For quick relief, we've used PediaLax glycerine suppositories. It comes as a liquid in an applicator that you insert and then squeeze the bulb. The first time was pretty scary for DS, but since then he's come to request them. He did end up sitting in a bath of hot water to finally "go" the first time.
He's now decided that he doesn't want to poop at all. It's been five days. Not on the toilet, not in a pull-up, nothing. Immune to bribes, indifferent to loss of privilege, we could not convince him. Nor would he even touch the prune juice we bought....
He's been complaining about tummy aches for the past two days, and is spending most of him time prone on the couch. Desparate, his mom offered him the ULTIMATE bribe -- a Happy Meal. And he couldn't go.
We've got a miralax perscription, and we're going to start giving that to him. Getting him to drink it all at one go will be tough, but it's not impossible. What worries me is that if we don't see any movement, so to speak, in the next 24 hours? We need to give him an enema.

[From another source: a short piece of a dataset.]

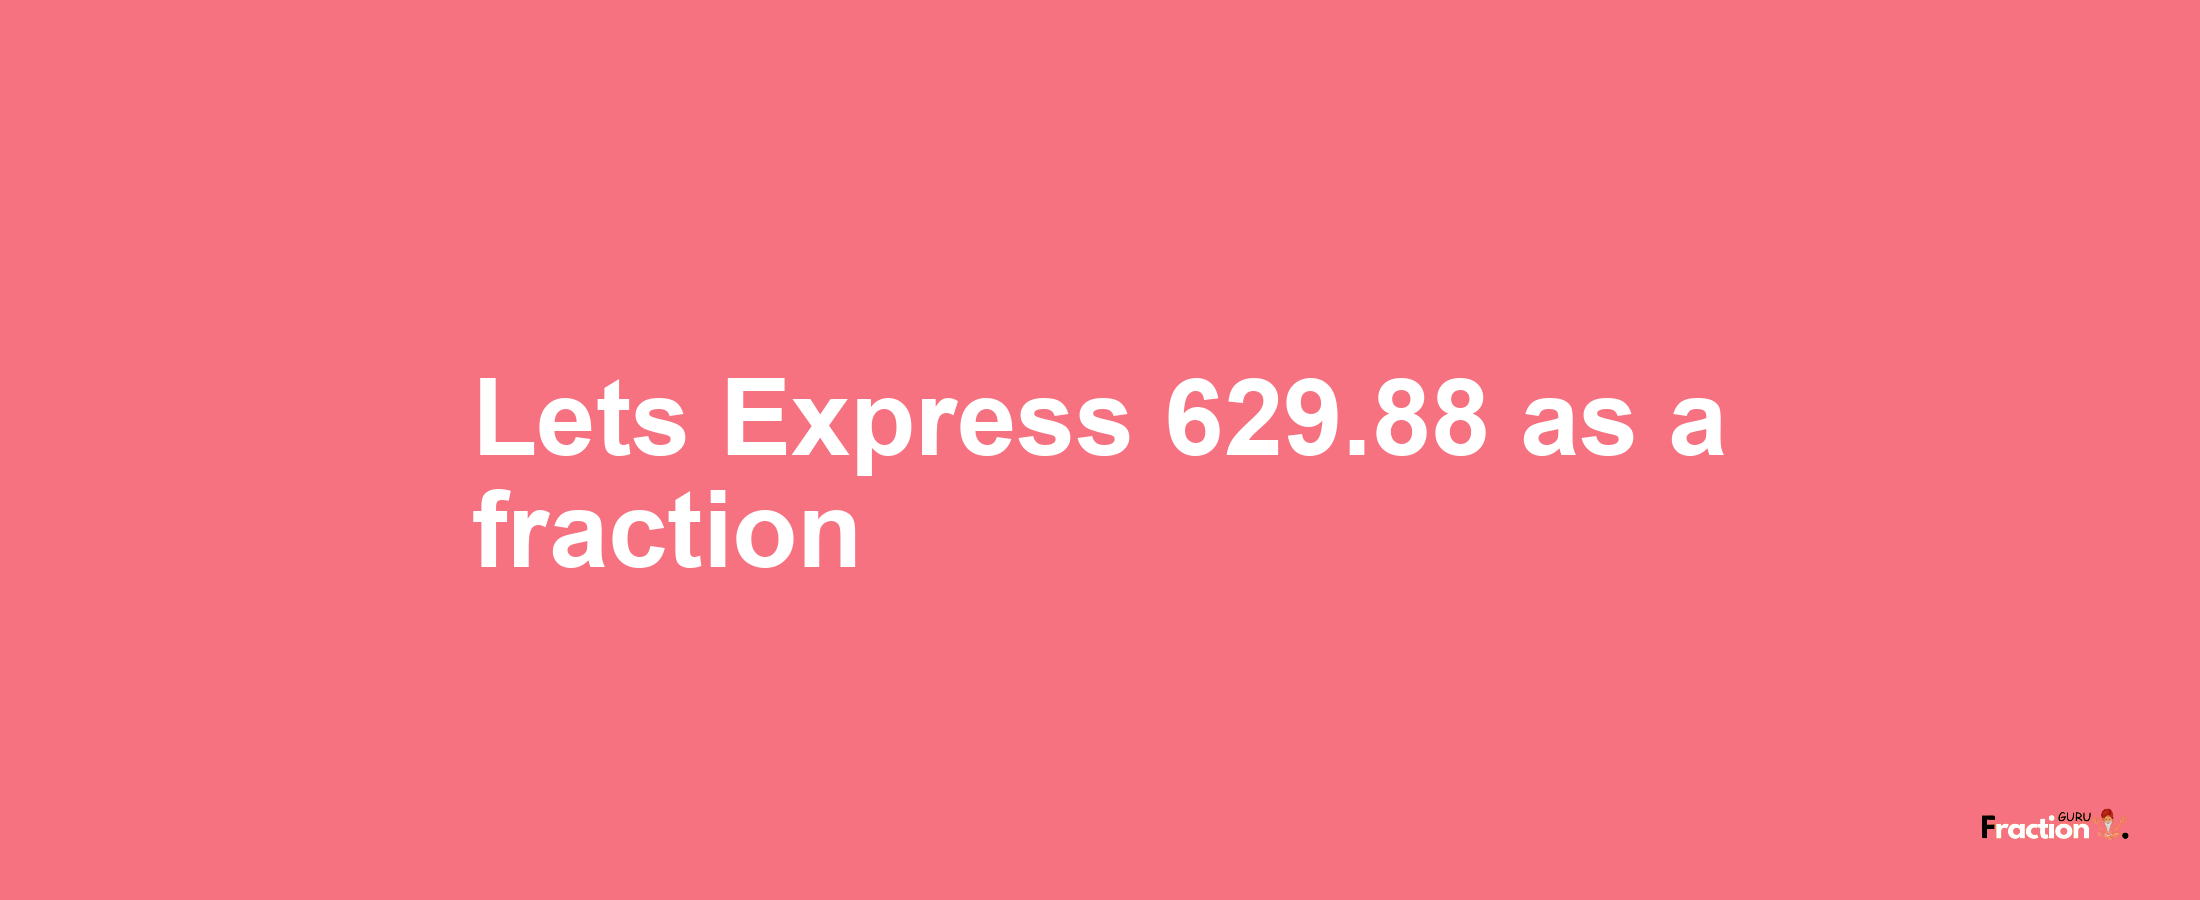 Lets Express 629.88 as afraction

This will be a nightmare, and I honestly wonder if the two of us will be physically capable of holding him down for it. And my god, it's going to be a traumatic experience for the entire household. I hope it doesn't come to this, but if it does?
Any advice? At all?
I don't want to scare you, but holding BM's should be taken very seriously. Unfortunately holding your bowel movements can lead to a problem called encopresis. When this happens, the BM builds up in the rectum stretching the rectum, and over the long term can cause permanent damage. As the BM hardens, the bodies response is to send more liquid to the colon, so sometimes the liquid BM seeps around the hard BM and leaks out. Treatment for encopresis is best done with a physician experienced with treatment medically, behaviorally, and psychologically. If you look up encopresis treatment for children with ASD there might be some information.
The day before my surgery I had to do a bowel prep with Miralax. I mixed mine with cranberry juice and once it had time to dissolve I couldn't see it or taste it.
The day before my surgery I had to do a bowel prep with Miralax. I mixed mine with cranberry juice and once it had time to dissolve I couldn't see it or taste it.
We got him to drink some Miralax mixed with apple juice; it was late enough in the day that he didn't get much down before bedtime. It did the trick, though...he woke up screaming in pain about an hour and a half after bedtime, and sometime during that managed to get out that he needed his pull-up changed.
Thank god.
Ten minutes later, he was back to sleep. And this morning, he was his normal cheerful self. Now, we just have to keep this from happening again.
We seem to be on every other day, with the "off" day involving a lot of complaining about tummy aches. I love the boy dearly, but sometimes he makes me want to bang my head against a wall.